A kid is a 3.3. That’s a good, that’s a good GPA That’s better than anything I’ve ever had. I’m like, that’s a good GPA. And then they’re like, oh, we just had 15,000 kids apply to get into dentist and they’re going to take 700. And I’m like, oh, that 3.3 really stinks. So I had to stop fighting it because I was driving myself nuts.
And so now, like that’s why the kids having their Twitter bios is so important to have that information and actually have real information in there. It’s like, if I look it up, I see you have a 3.0. It’s like, unfortunately, if you’re the next LeBron James, but you’re not going to play for me because the admission team doesn’t care.

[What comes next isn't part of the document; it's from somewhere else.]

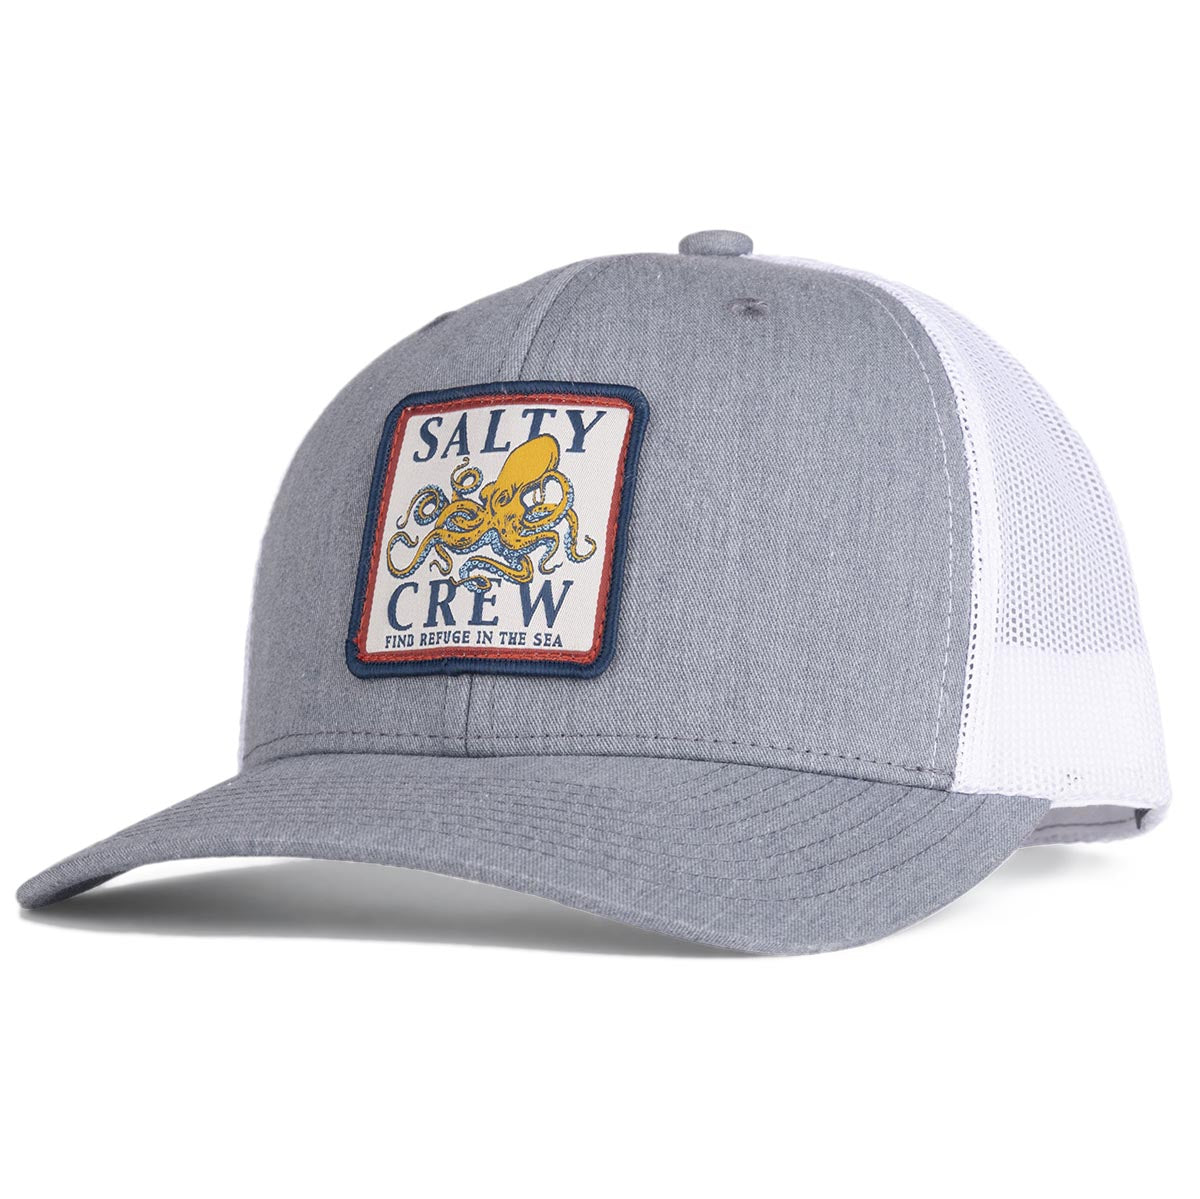 Salty Crew Ink Slinger Retro Trucker Hat - Heather Grey/White image 1

And like that’s no, that’s no discredit to anything we’re doing at Dentist. It’s just a reality. Like they don’t, they have 15,000 kids trying to get in. They don’t, they don’t care. And that’s okay. Because we’re at a place like, but. That makes my job very hard. So now I’ve just gotten the point that I only fight it a little bit but the majority of the time I’m just like, oh, he has 3.0.
I’m not even going to watch this highlight film. I’ve have to move on to the kids that have better grades than that. So,
[00:59:14] Mike Klinzing: yeah, for sure. I mean, totally, totally makes sense and completely understandable. I think what’s interesting about the last 10 or 15 minutes of our conversation is you started out by saying, Hey, how do we turn this thing around?

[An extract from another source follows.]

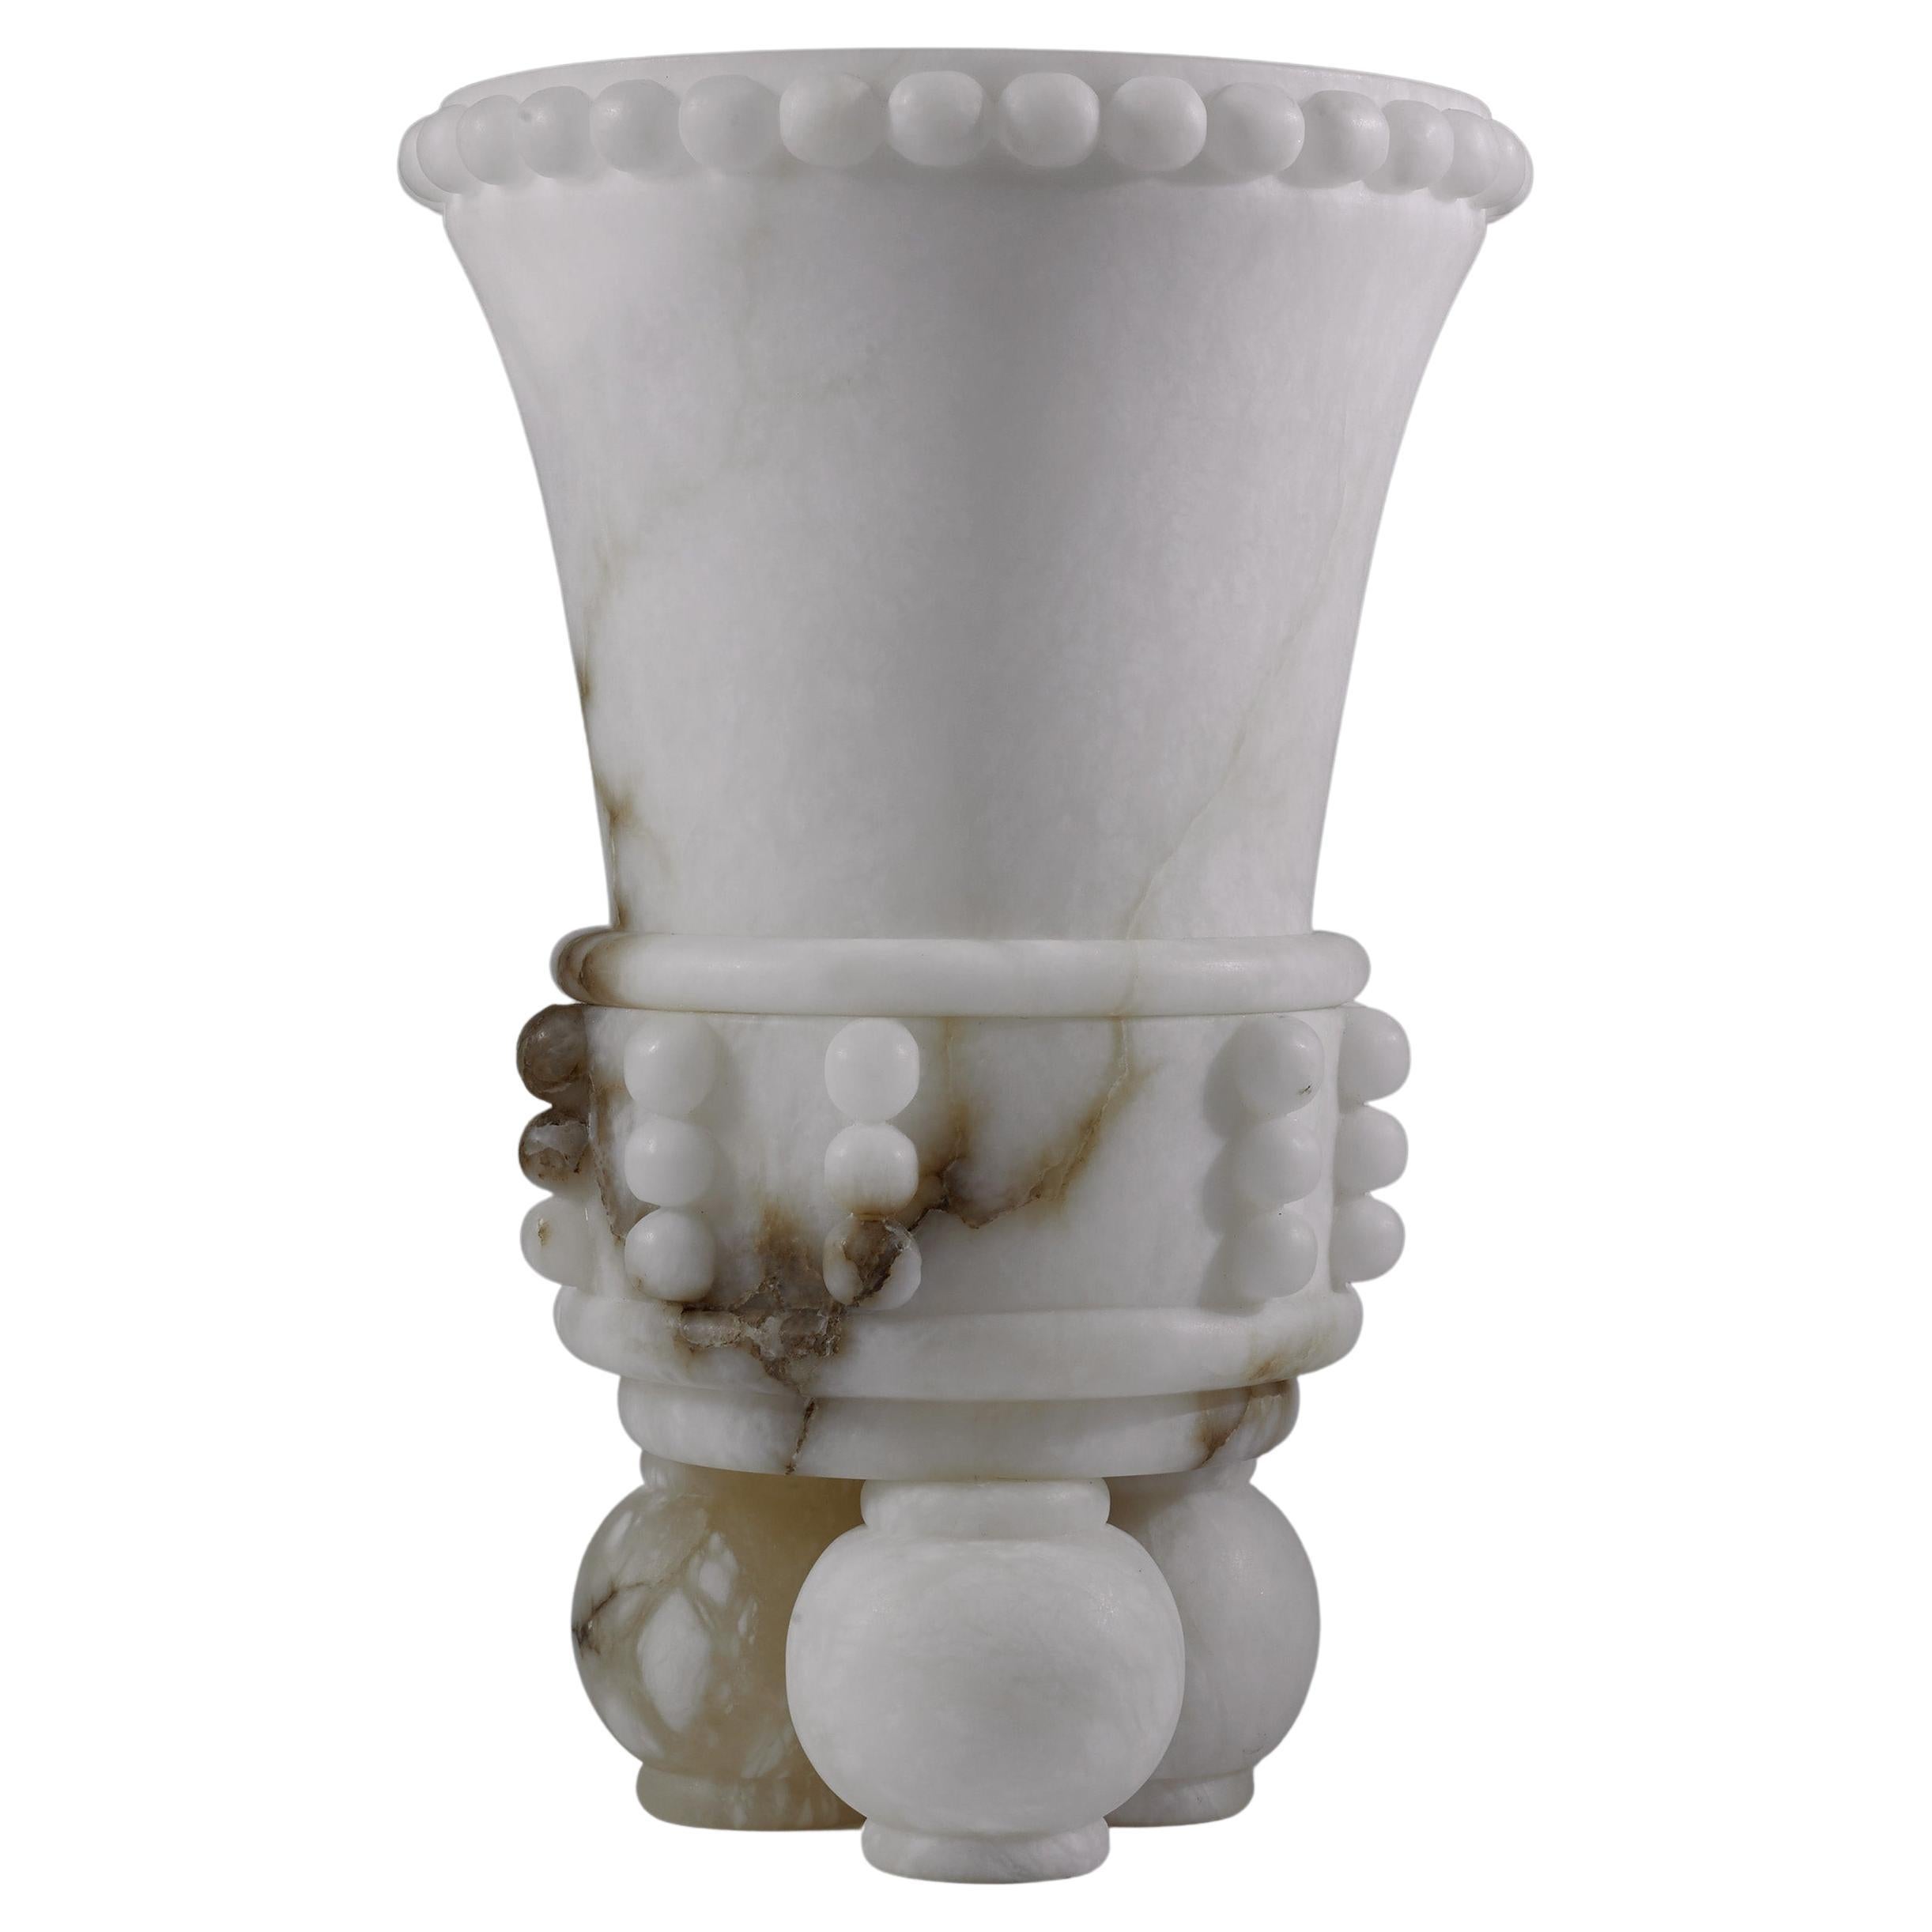 Grand vase en albâtre d'inspiration mayaise

And we didn’t turn it around by our brilliant X’s and O’s. We didn’t turn it around by, Hey, all these fancy things we’re doing in practice. You’re turning it around by saying, Hey, we’re starting with better talent. And ultimately, deep down inside, right, anybody who’s ever coached a team, that your ability to coach starts with the talent that you have on the floor.
Does coaching make a difference? Obviously it makes a difference. There’s a reason why we’re all in the profession, but at the same time. If you start out with better raw materials, it makes your job as a coach much easier. Now you’re talking about, you’ve have to put together that leadership, you have to put together the ability to build a culture and get guys to believe in each other.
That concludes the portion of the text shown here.